What is enzyme design?

Enzyme catalysis is a key process in a wide range of industries from pharmaceutical to food sciences [1-6]. In evolutionary context, nature has optimized enzymes in living organisms to adapt to specific niches over millions, if not billions, of years. Despite the constant evolution, these enzymes might not meet our modern-day needs. For example, the enzyme’s efficiency may be too low for certain industrial application. Or worse, there may be no natural enzyme performing our desired chemical reaction.
To circumvent the problem, we “engineer” protein enzymes using various approaches. Rational enzyme design, directed evolution and de novo protein design are the three main categories. Rational enzyme design requires expert knowledge to identify which specific part of the enzymes to optimize.
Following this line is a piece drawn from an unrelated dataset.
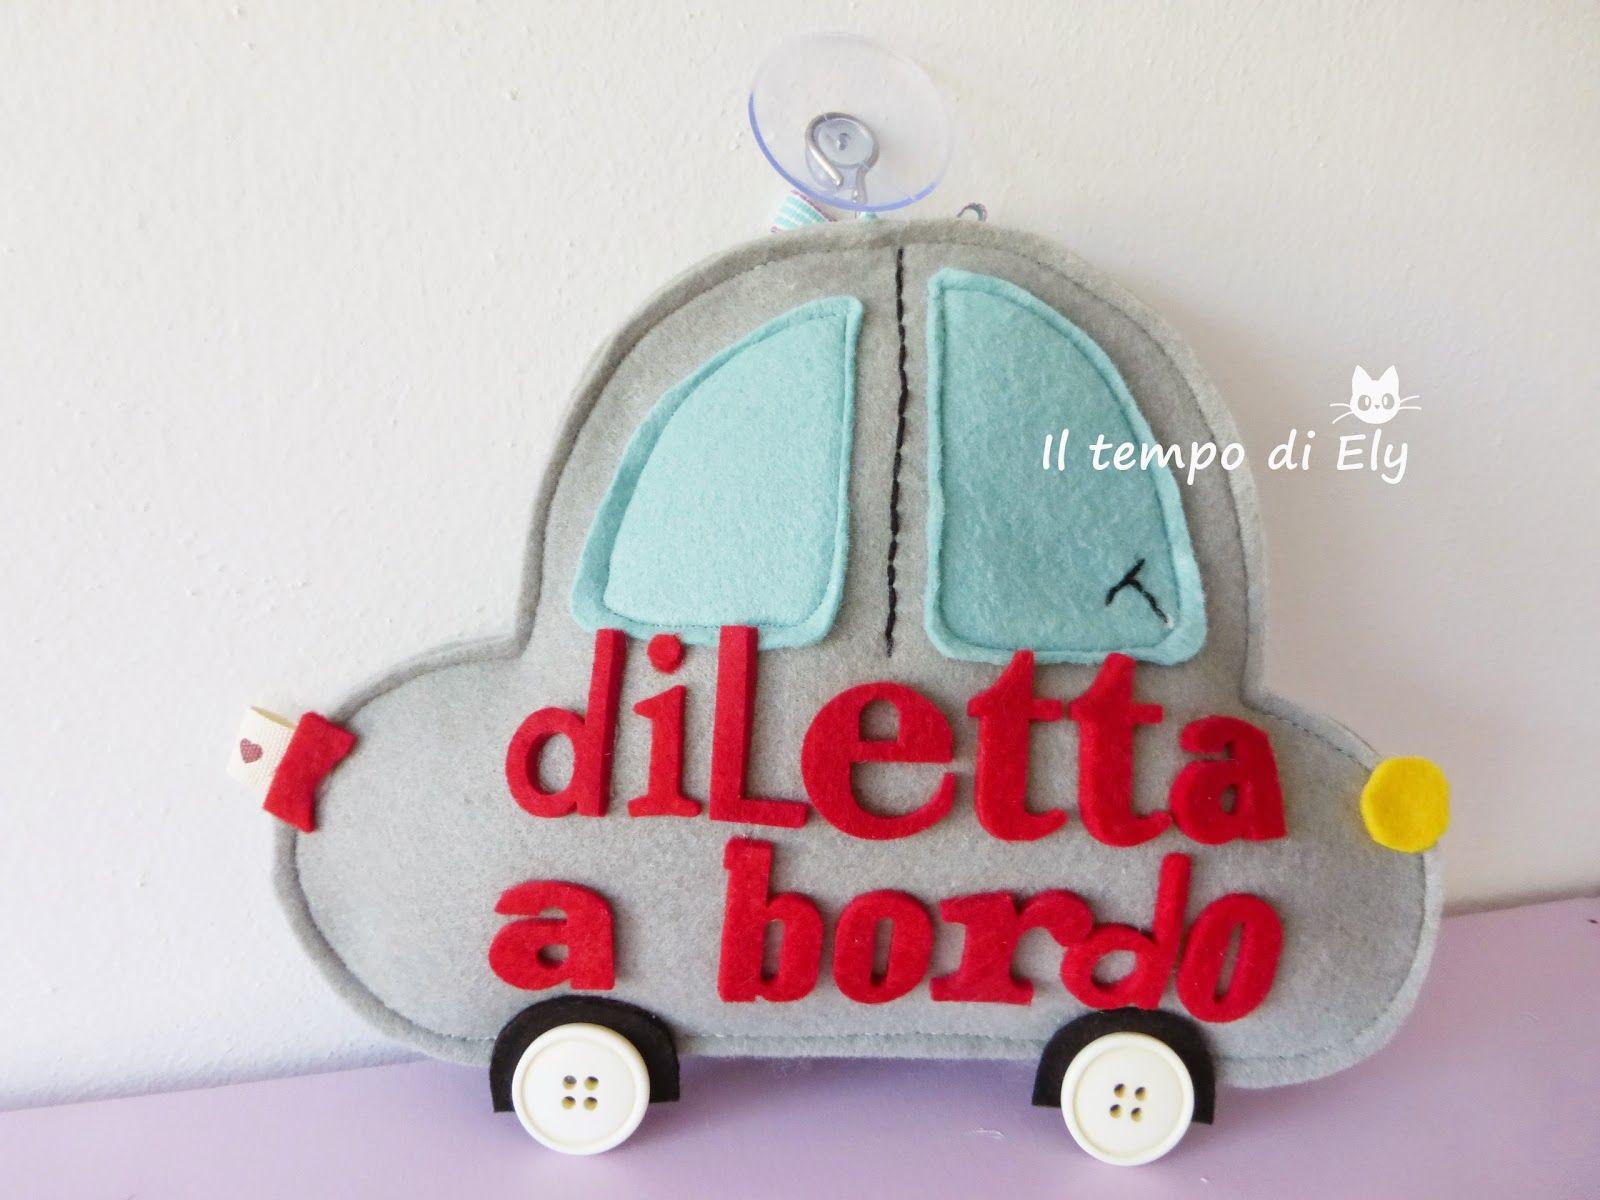 Das Bambini ~ Bimbo a bordo il tempo di ely bimbi pinterest baby crafts
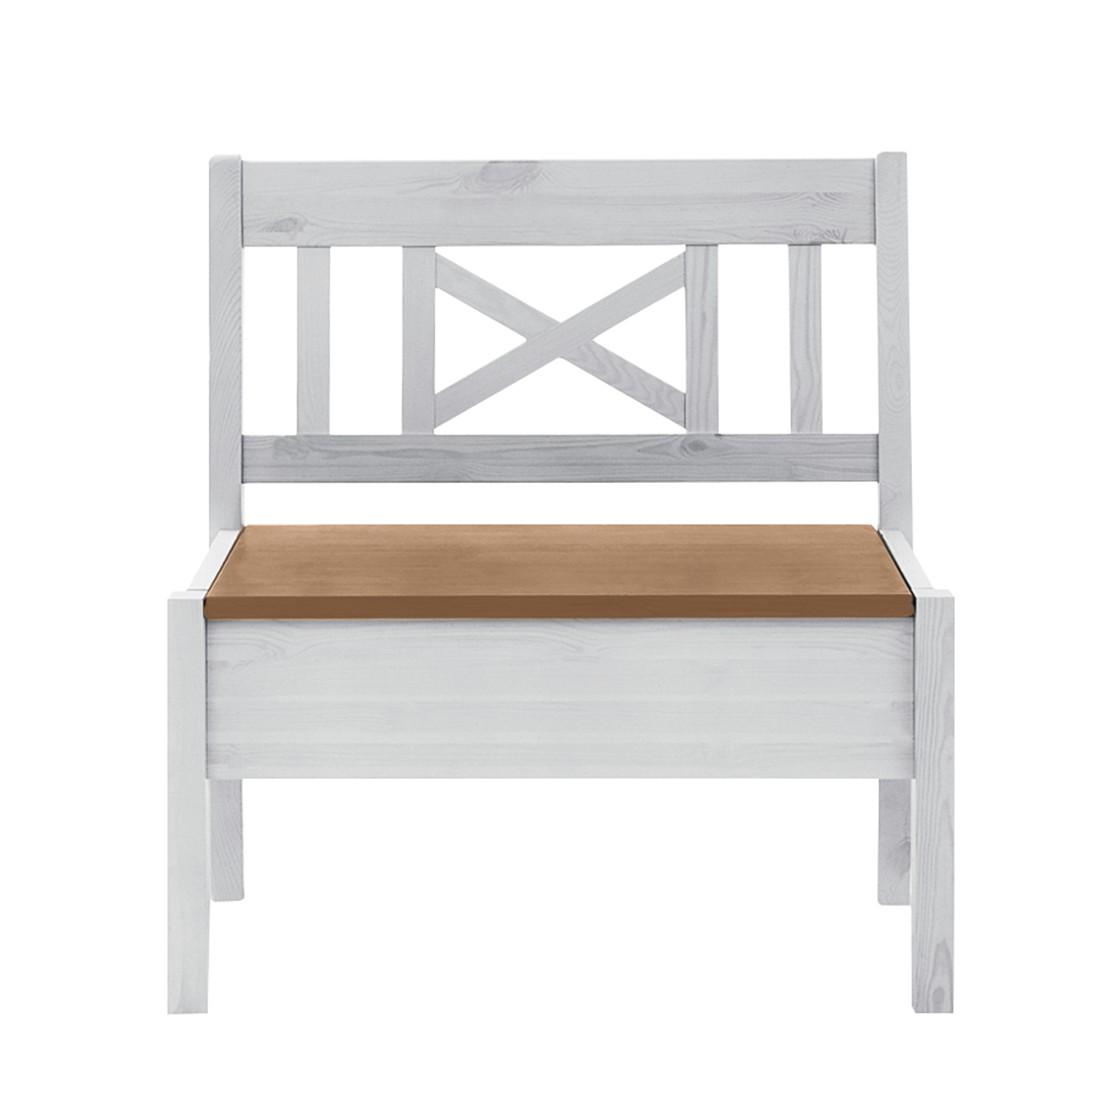 Bank Fjord zonder armleuningen - massief grenenhout wit/barnsteen - Wit grenenhout/loogkleurig grenenhout - 74cm, Maison Belfort

On the other hand, directed evolution is “unsupervised”. Through mutations, random alterations are made on the enzyme, where some of the altered enzymes will be selected based on their performance in desired traits. This mutation-selection process is repeated in the lab until there is a satisfactory enzyme produced. The third approach, de novo design, skips all the lab work for mutation and selection. In silico protein design suites, such as Rosetta [7-8], generates a pool of hypothetical protein structures from sequences. The best mutant(s) were then selected from the pool and verified experimentally.

So what is the problem?

Despite all these breakthroughs, enzyme design is still a time-consuming, labor-intensive and expensive process. Even with directed evolution, iterative expression, screening and cell culturing in wet lab remain manual and tedious processes [9]. With de novo design, the output is often enzyme structures while in reality we care most about the enzyme properties, such as thermal stability and catalytic efficiency. This creates a mismatch between needs and capabilities.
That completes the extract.